By Prof. Augustus Nuwagaba (PhD)

How can Uganda raise domestic revenue without hampering the competitiveness of businesses? Here are my insights.

1) Broaden the tax base beyond traditional sectors. It is important to have modest levies on high-value services, digital transactions, and luxury goods, and those areas that don’t directly hit the cost of production for manufacturers. 

For example, URA has pioneered this with the expansion of the scope of EFRIS adoption to sectors such as construction, Real estate, Arts and Entertainment, etc.

Available data indicate that TINs have expanded the tax base by integrating National ID systems, registering over 350,000 informal taxpayers by 2022. In addition, EFRIS has enhanced VAT compliance by enabling real-time transaction tracking, leading to a 12 percent rise in VAT collections and curbing tax fraud.

Another way of broadening the tax base is through encouraging the formalisation of businesses and sectors like artisanal mining, using technology for better collection, and streamlining processes to reduce tax evasion.

2) How about if we harnessed the digital economy? A small and well-designed transaction tax on e-commerce and mobile payments can capture value that currently slips through the cracks while keeping compliance low for SMEs.  Given the rapid growth of e-commerce and mobile payments in Uganda, even a small tax rate could yield significant and consistent revenue streams for the Government.  For instance, between 2015 and 2019, mobile money transactions in Uganda more than doubled in value, from about $9 billion to $20 billion.

Taking an example from Kenya, which fostered an environment for digital transactions by investing in digital infrastructure through expanding access to high-speed internet, improving the digitisation of government services, and developing skills for the digital economy.

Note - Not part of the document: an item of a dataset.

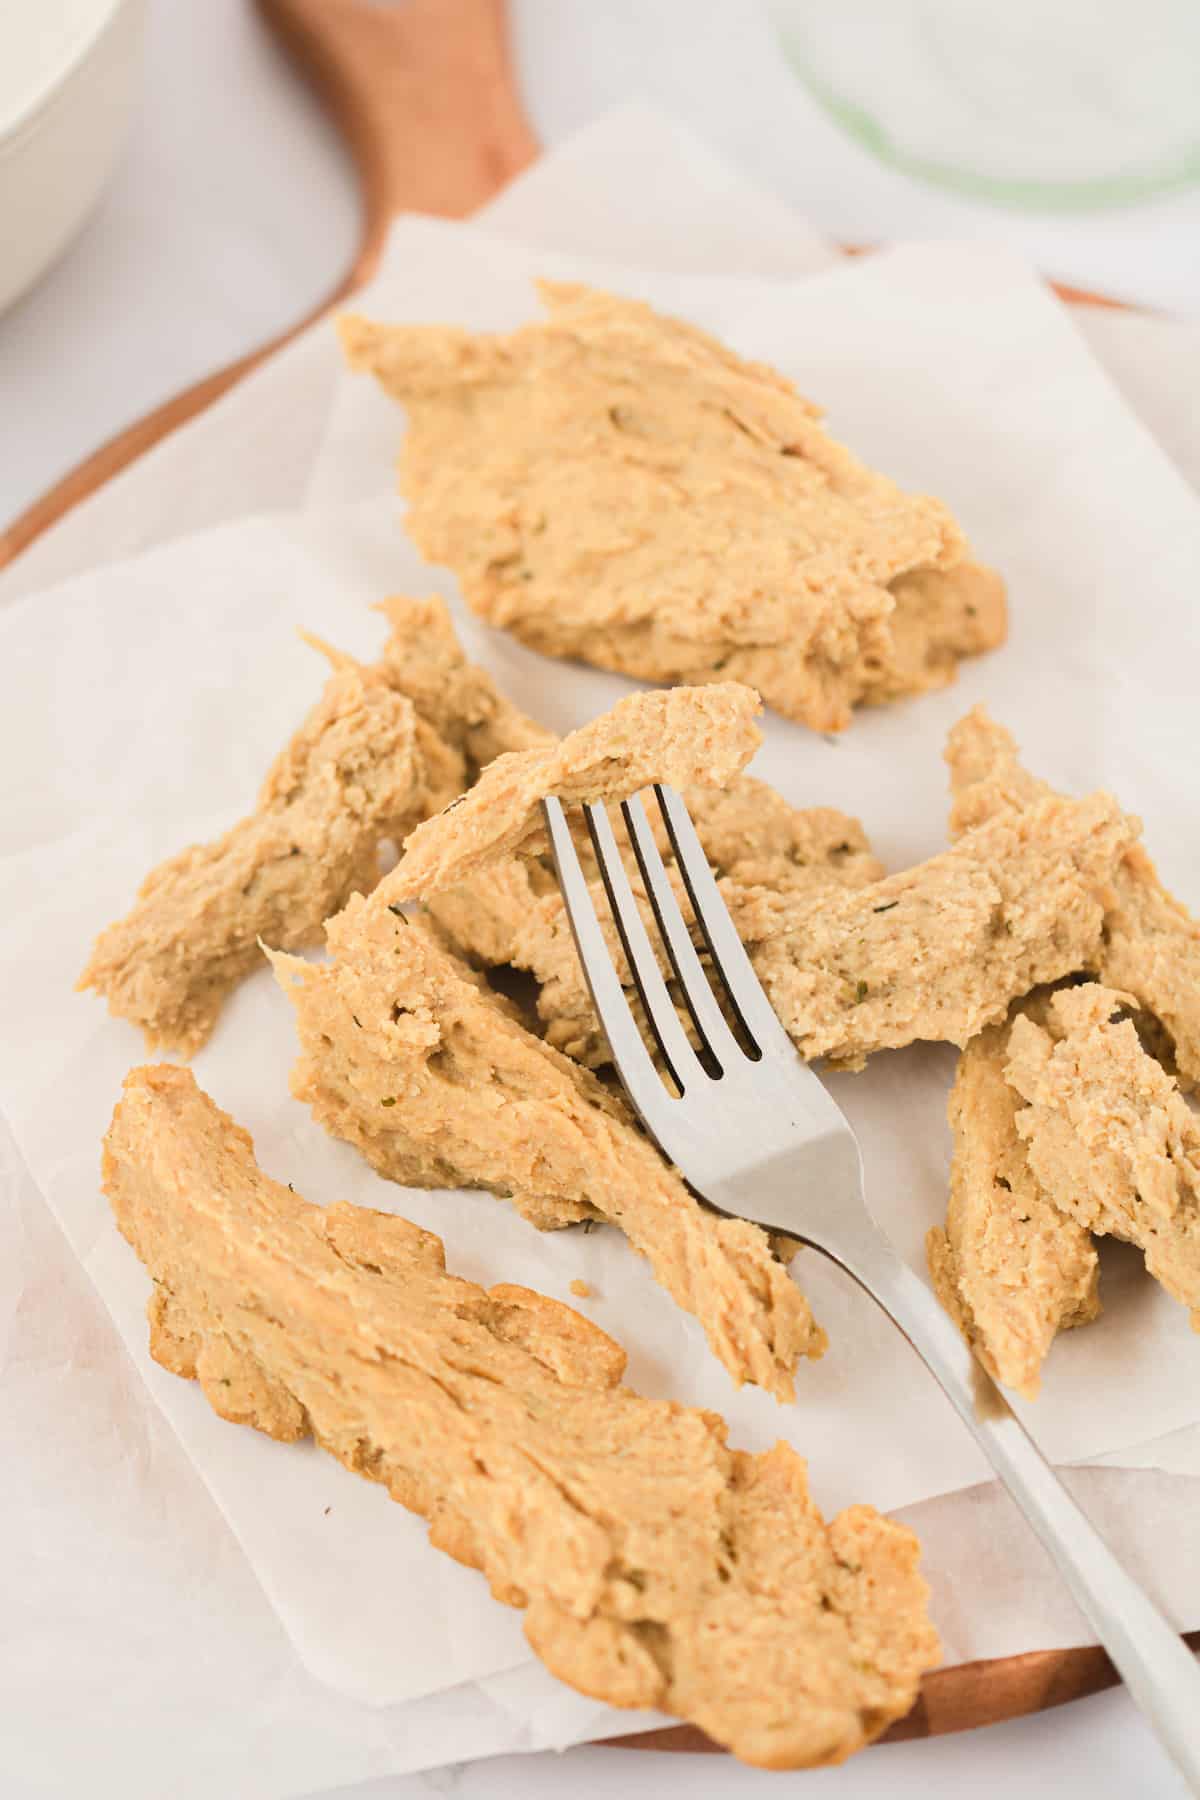 Torn pieces of vegan chicken on parchment paper with fork

Kenya also has a Digital Superhighway Project, which seeks to strengthen the country’s ICT backbone. The Digital Superhighway will prioritise the expansion of Kenya’s fibre network coverage countrywide, with plans to lay 100,000 kilometres (62,000 miles) of fibre optic cable and erect 25,000 public Wi-Fi hotspots.

3) Upgrade tax administration. Real-time data analytics and risk-based audits can help in reducing compliance burdens and increasing voluntary compliance, and turning revenue leakage into predictable income.  Through using this strategy, the tax administrators move away from the reactive manual audit system to being proactive and data-driven, hence improving fairness and building taxpayer trust in the system, and ultimately strengthening fiscal governance and domestic revenue mobilisation.

A number of countries now use a computerised risk-based procedure to prioritise corporate income tax and VAT filers. They are also using big data analytics and e-invoicing solutions to monitor transactions and VAT under-reporting.  South Africa and Kenya are using data analytics and AI to improve compliance monitoring. Nigeria and Ghana are implementing a cloud-based unified tax portal to process real-time data across tax systems. 

4) Pair revenue measures with targeted incentives. Sometimes it’s important that we offer tax credit for firms that invest in automation or green technology to boost their productivity and future tax yields without sacrificing today’s competitiveness. The move, for instance, by the Uganda Government to grant a three-year income tax exemption for eligible business start-ups effective July 1st, 2025, is a very welcome move that encourages the growth of small businesses, and these are future taxpayers.

5) Public-private partnerships (PPPs). Co-funding of infrastructure, such as energy and transport, through blended financing reduces business costs and expands the tax base while creating a good growth cycle.  PPPs have been considered at the top of the Egyptian economic reform agenda, as a way of increasing private sector involvement in public services.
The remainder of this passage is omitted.